School Boards Beware: Appellate Court Applies High Bar for School Board Ignoring Hearing Officer’s Findings of Fact
The Illinois Appellate Court (Fifth District) recently reversed a school board’s decision to dismiss a tenured teacher for failure to comply with a notice to remedy. This case confirms that while school boards have considerable discretion under Section 24-12 of the School Code to dismiss a teacher, the Appellate Court will not necessarily defer to the board without a close examination of the facts.

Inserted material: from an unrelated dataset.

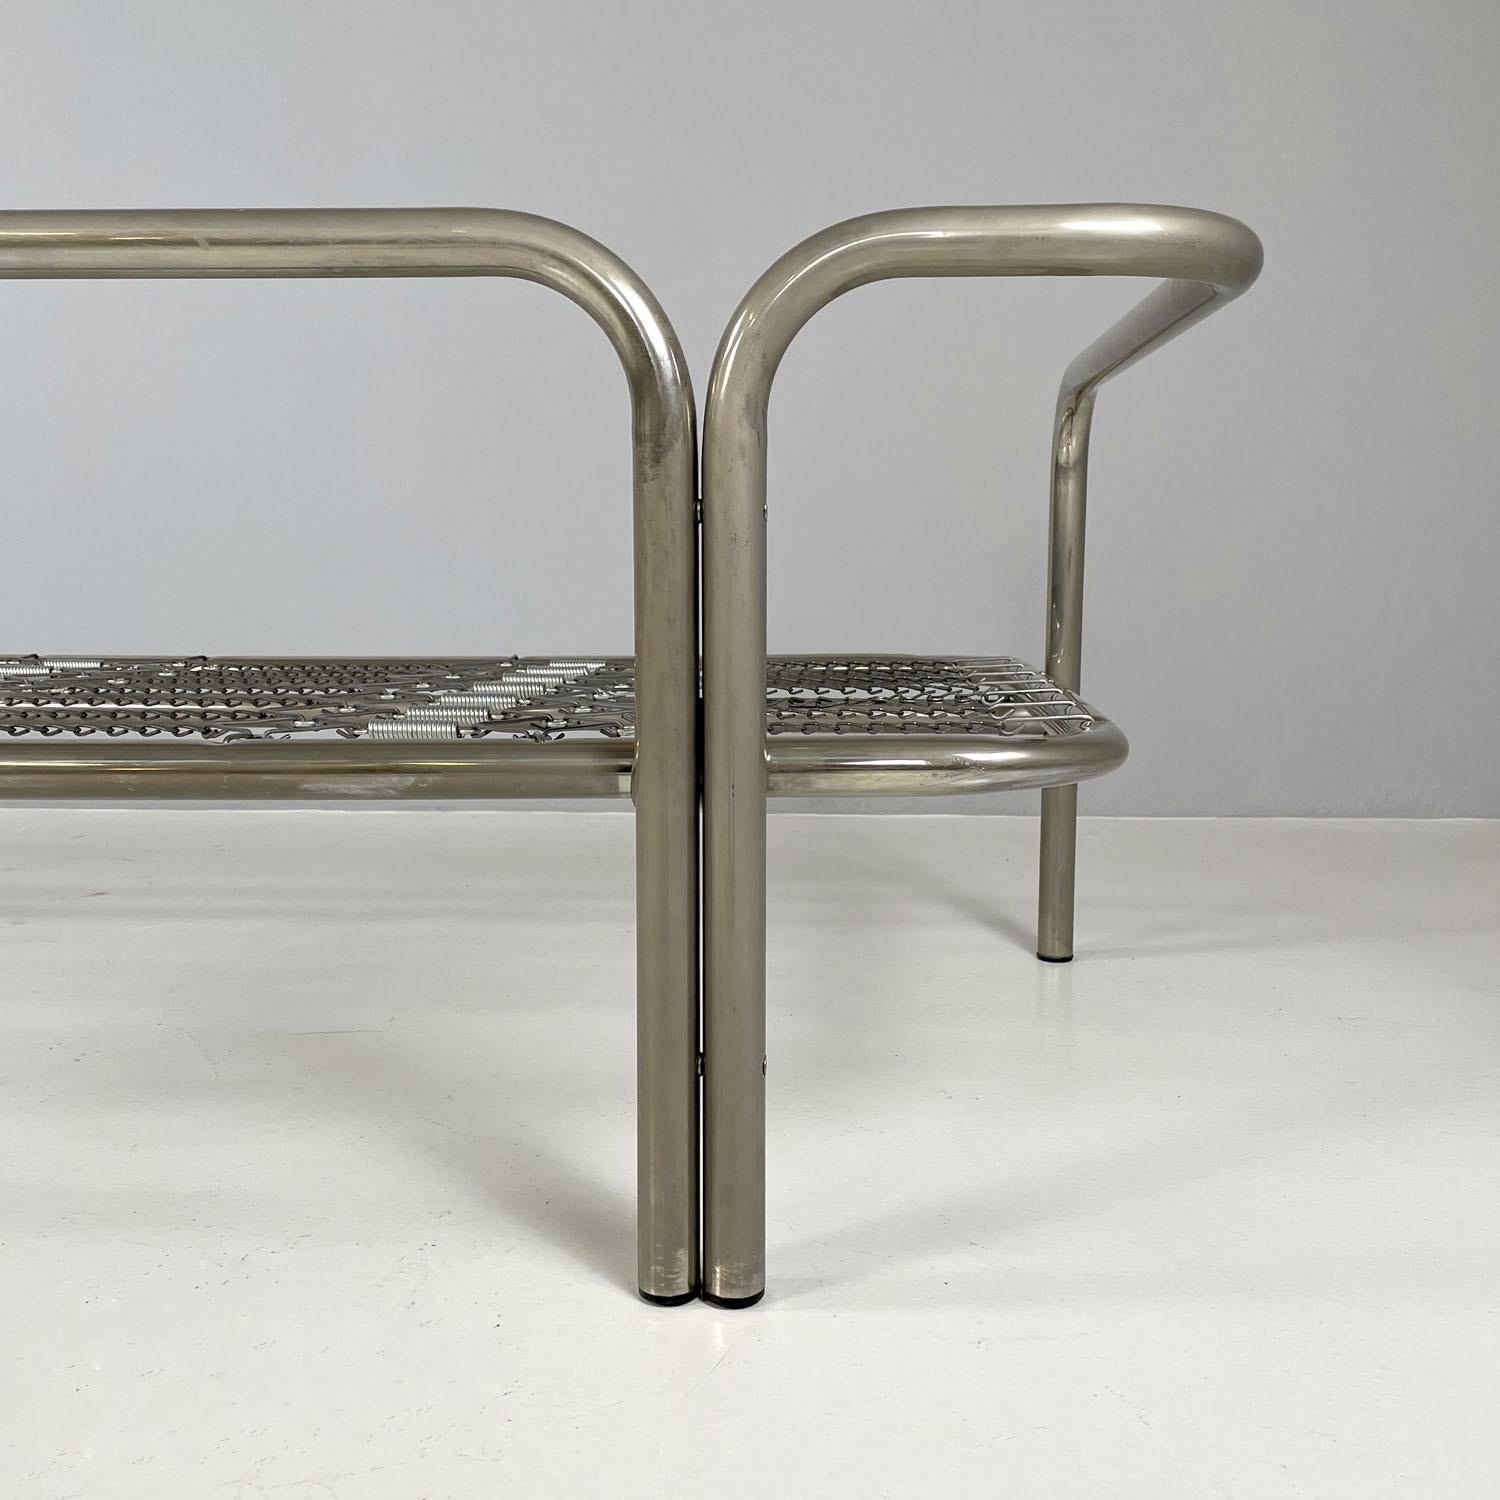 Italian modern daybed sofa Locus Solus by Gae Aulenti for Poltronova, 1970s For Sale 3

In Beggs v. Board of Education of Murphysboro CUSD No. 186, a school board dismissed a tenured teacher for cause under Section 24-12 of the School Code. Lynne Beggs was a high school geometry teacher who began missing a work during the 2011-2012 school year when her mother became ill. The administration held meetings with Beggs, explaining that it could not allow her to miss school and arrive late. Eventually, on February 21, 2012, the Board suspended her without pay and issued a notice to remedy, which required her to improve her performance and punctuality. Between February 22 and March 27, Beggs continued to miss work, show up late, and failed to provide timely lesson plans for substitute teachers. Ultimately, the Board dismissed Beggs for failure to abide by the notice to remedy.
A mutually agreed upon hearing officer reviewed the Board’s decision. After four days of hearing, the hearing officer recommended reinstating the plaintiff to her position. The hearing officer made several critical findings of fact. For example, the hearing officer found that Beggs’s teaching assistant’s testimony that Beggs wasted significant class time when she arrived late was not credible. Further, the hearing officer found that despite the fact that Beggs provided lesson plans late on certain days, the delay had minimal impact on students. Therefore, the hearing officer found that the Board’s case for dismissal was not justified and ordered reinstatement.

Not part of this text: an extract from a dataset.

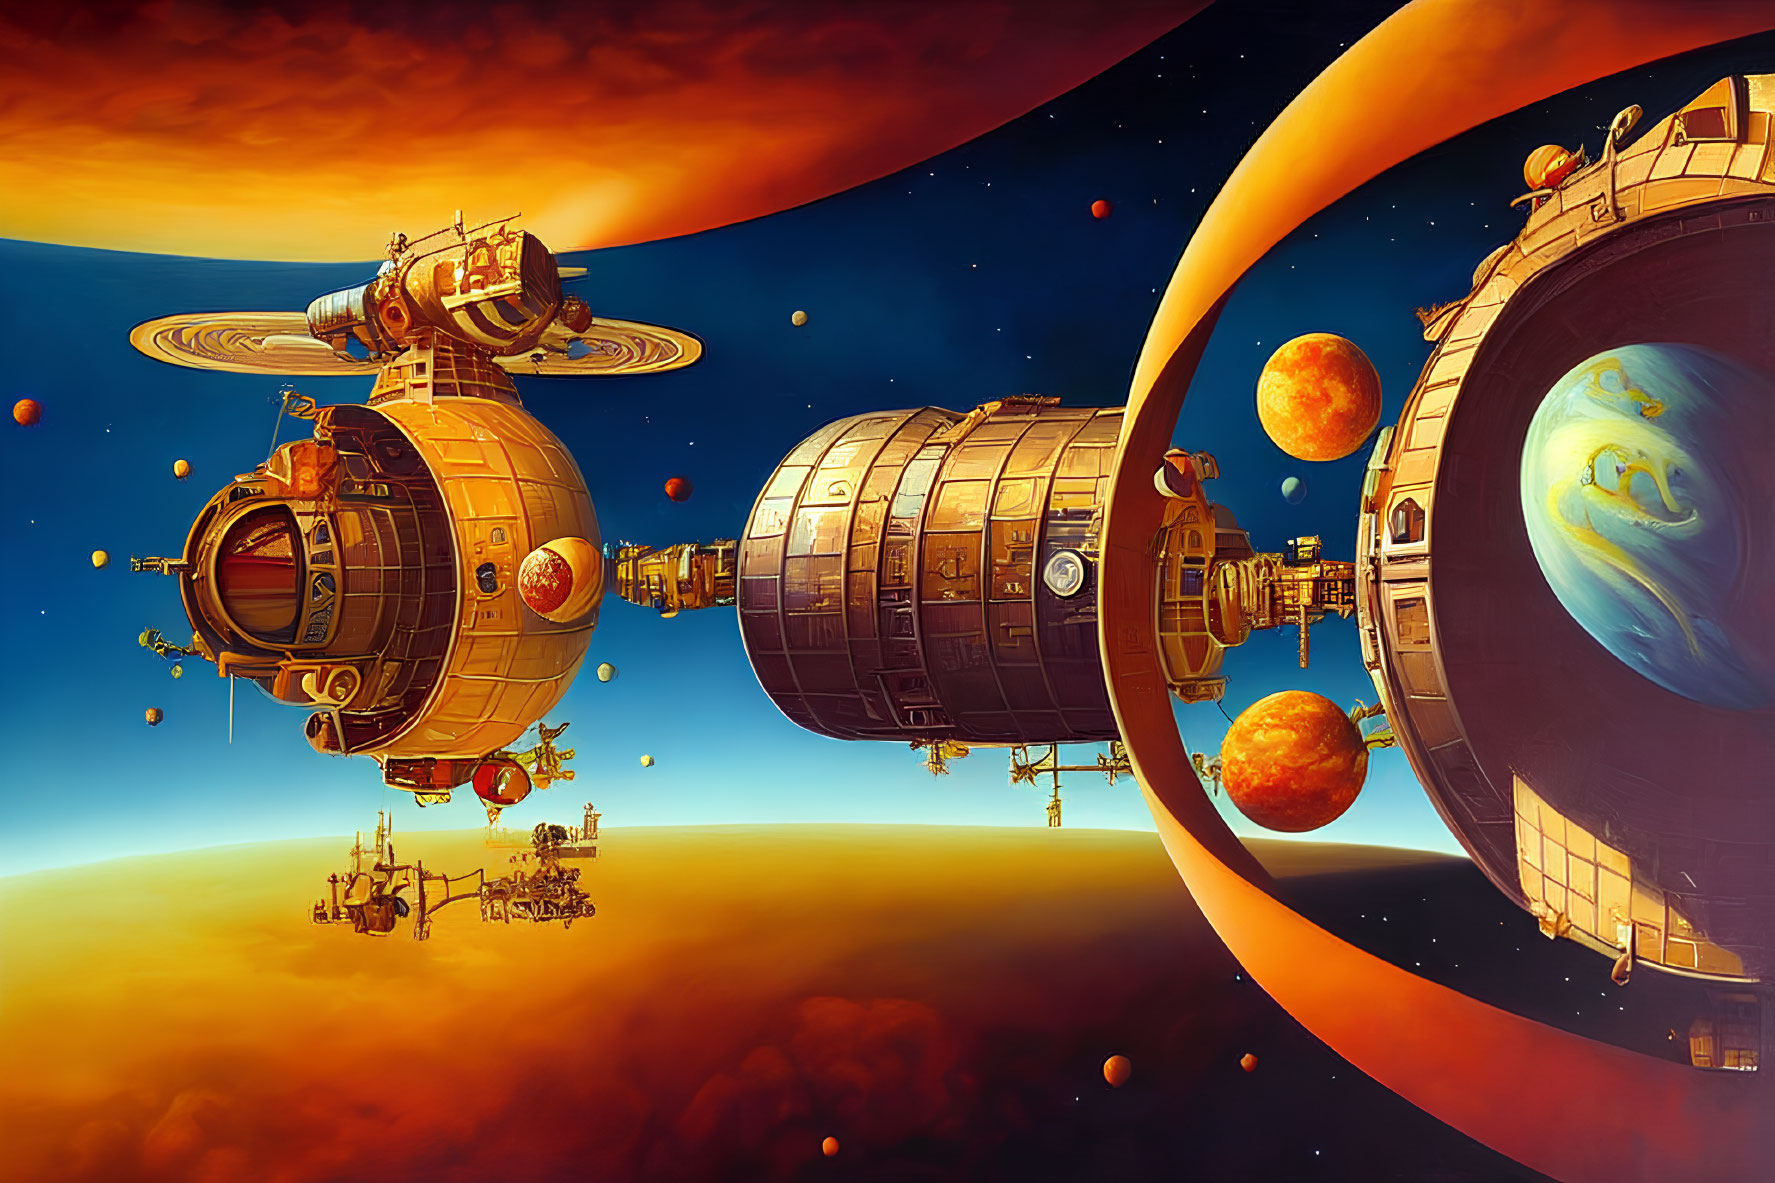 Futuristic space stations orbiting ringed planet with moons in orange cosmic setting

Undeterred, the Board supplemented the hearing officer’s findings of fact substantially and rejected his recommendation. For example, the Board supplemented the hearing officer’s findings with testimony from a student who claimed it was obvious when Beggs failed to provide a lesson plan on time, thus contradicting the hearing officer’s finding that the failure had minimal impact on students. The Board also found that Beggs received a reasonable time to remediate her conduct and failed to do so, thereby justifying dismissal. Based on these additional findings, the Board acted to dismiss the teacher in accordance with the authority granted to it by Senate Bill 7.

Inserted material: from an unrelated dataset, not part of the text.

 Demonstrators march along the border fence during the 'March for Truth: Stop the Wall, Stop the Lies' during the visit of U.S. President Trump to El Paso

But in its opinion, the Appellate Court made clear that Senate Bill 7’s revisions do not give school boards a blank check. The court found that although final authority to dismiss now rests with a board of education, the hearing officer’s findings of fact and recommendations may only be modified if they are against the manifest weight of the evidence – meaning that all reasonable and unbiased persons would clearly agree that the hearing officer erred, or in other words, that the reasons for the dismissal are arbitrary, unreasonable and unrelated to the requirements of service.
While acknowledging the standard of review is not clear, the Appellate Court found that a fair interpretation is that the General Assembly intended the hearing officer to be afforded deference, and that the departure from a hearing officer’s recommendation should be “an unusual occurrence that would produce careful scrutiny if brought before a reviewing court.” In light of this standard, the court reversed the Board of Education’s decision and reinstated Beggs with full back pay and benefits.
Lynne Beggs’ case was particularly sympathetic given that she had been a satisfactory teacher until her mother’s health crisis caused her to be late or absent. However, Beggs v. Murphysboro provides a reminder that courts will impose a high bar for any school board amending a hearing officer’s findings of fact and recommendation.